South Carolina organizations recognized by U.S. cabinet-level agency

The S.C. National Heritage Corridor and SC7 honored by the U.S. Department of the Interior

By W. Thomas Smith Jr.

The S.C. National Heritage Corridor has been awarded the RALPH REGULA ENVIRONMENTAL ACHIEVEMENT AWARD by the United States Department of the Interior for its efforts with SOUTH CAROLINA 7 (SC7), a monthlong annual statewide expedition from the mountains of the South Carolina Upstate to the Lowcountry coastline.

“This is a tremendous honor for all of us,” says Dr.
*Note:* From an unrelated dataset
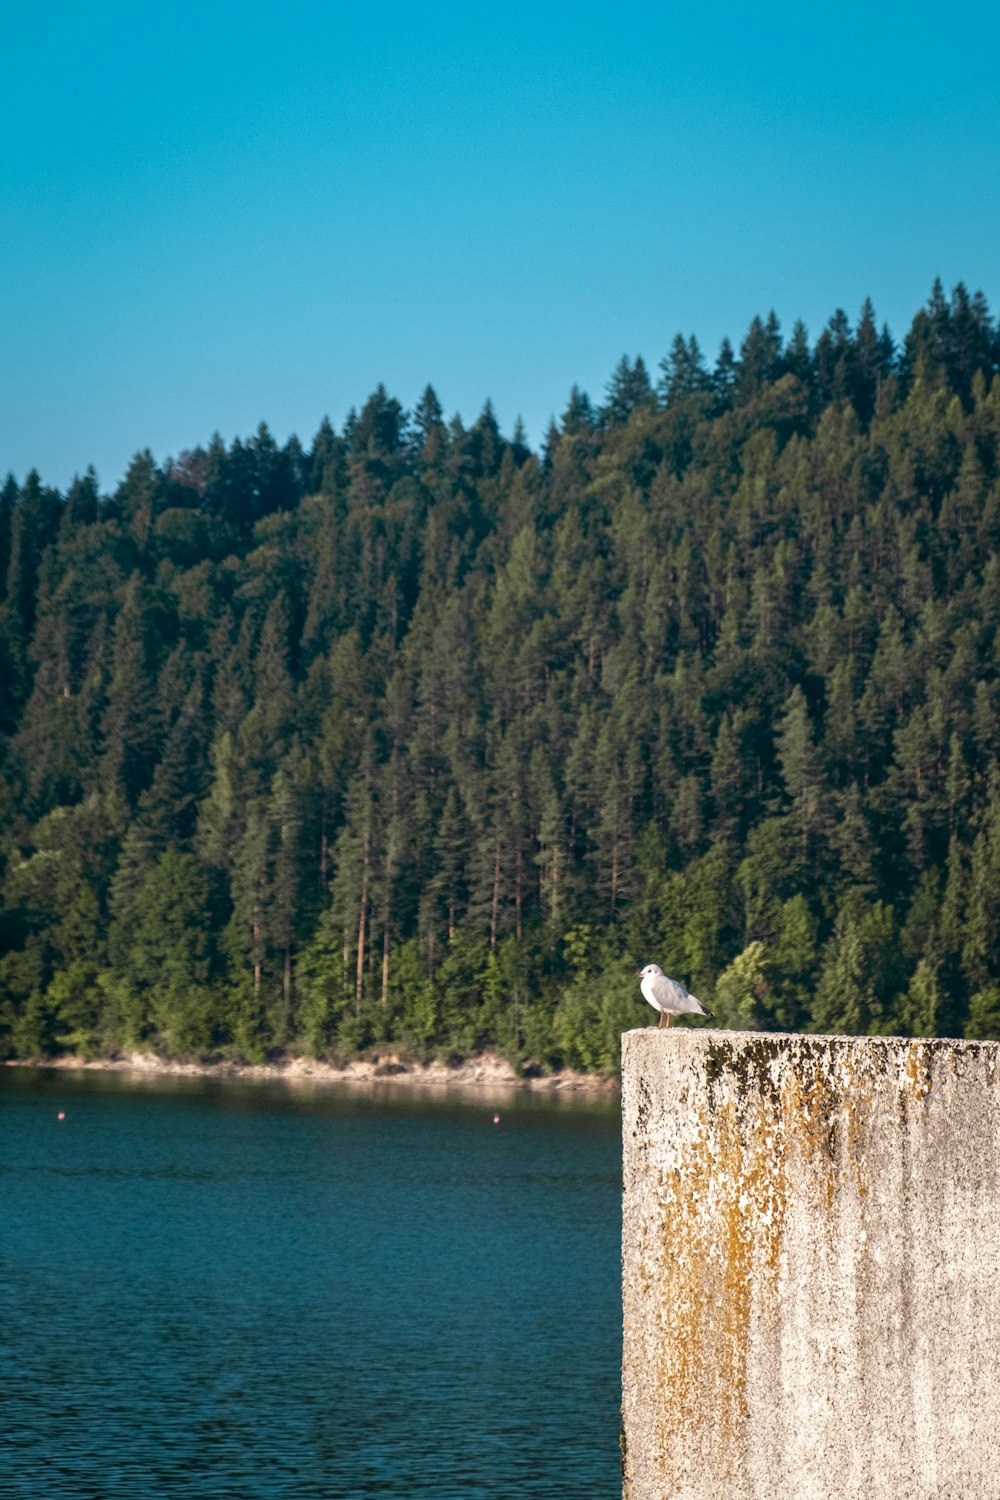 a seagull sitting on a concrete wall next to a body of water

Tom Mullikin, founding director of SC7, now entering its fourth year. “The U.S. Department of the Interior is recognizing what both the S.C. National Heritage Corridor and Global Eco Adventures have accomplished jointly thus far through our July expeditions and which is ensuring an even brighter future for our fellow South Carolinians and our state’s precious natural resources.”

According to the Interior Department citation: The S.C. National Heritage corridor is receiving the Ralph Regula Environmental Achievement Award for “promoting an appreciation of the outdoors, stewardship of resources, and active protection of the planet through its efforts with SC7 in collaboration with its partner Global Eco Adventures. This award recognizes those that champion America’s special places to ensure the legacy of these natural and cultural resource treasures through collaborative stewardship and partner-based resource conservation efforts.”

Physically led by Mullikin and his team of handpicked adventurers (scientists, military leaders, even state legislators) every July beginning July 1, the SC7 Expedition involves a growing number of volunteers and outdoor enthusiasts, young and not-so-young – hiking, climbing, kayaking, rafting, and SCUBA diving – across South Carolina as they explore the Palmetto State’s seven named wonders and various on-trail and off-trail excursions in between.

The seven designated wonders of the Palmetto State include Sassafras Mountain; the Jocassee Gorges; the Chattooga River; the Congaree National Forest; the Edisto River; the Ashepoo, Combahee, and Edisto Basin (universally referred to as the ACE Basin); and Bull Island-Cape Romain National Wildlife Refuge: “Each one a unique geographical treasure,” says Mullikin.

The S.C. National Heritage Corridor’s receipt of the Ralph Regula Environmental Achievement Award is not the first time SC7 has been recognized at the federal level, nor does it mark the first time SC7 has worked in collaboration with federal agencies. Last year, U.S. Congressman Ralph Norman recognized and commended Mullikin and the SC7 Expedition on the floor of the U.S. House of Representatives in Washington, D.C. And since its conception in 2019 and its first manned-expedition in 2020, SC7 has worked closely with the direct support of the U.S. National Park Service, the U.S. Forest Service, and the U.S. Fish and Wildlife Service. The S.C. National Heritage Corridor is itself a congressionally designated “National Heritage Area” of the National Park Service.

“This is shared success,” says SC7’s chief logistics officer Michelle McCollum, who also serves as president of the S.C. National Heritage Corridor. “It’s been very uplifting to work side-by-side with amazing conservation organizations in our state. The way I see it is the great outdoors is a great big place with great big needs. Only together can we effectively meet those needs.”

Each July, the SC7 Expedition begins in the South Carolina Upstate, specifically Oconee Passage, before winding its way south-southeast toward Columbia and the Midlands, generally paralleling the famed Palmetto Trail. As in previous years, SC7 2022 concluded in Charleston with a grand event aboard USS Yorktown attended by Lt. Governor Pamela Evette, other VIPs, and deck-landing parachutists prior to kicking off a smart-reef installation operation off the coast involving an SC7-organized and led team of retired Navy SEALs, former Marine Recon operators (primarily members of FORCE BLUE) and S.C. State Guard divers supported by all manner of boats and a helicopter.

“We do much more than explore: We work,” says Mullikin, himself a former U.S. Army officer, retired two-star commanding general of the S.C. State Guard, and today chairman of the gubernatorially established S.C. Floodwater Commission. “Whether cleaning and clearing ditches along highways, picking up trash on our beaches, or installing high-tech artificial reef systems on the ocean floor, we are bettering the world we live in. And that has always been one of the primary aims of SC7.”

At the end of July 2023, SC7 will conclude on Hilton Head Island. “We will also collaborate with and highlight some of the amazing resiliency initiatives already completed by the Marines on nearby Parris Island, home of the famous Marine Corps Recruit Depot,” says Mullikin.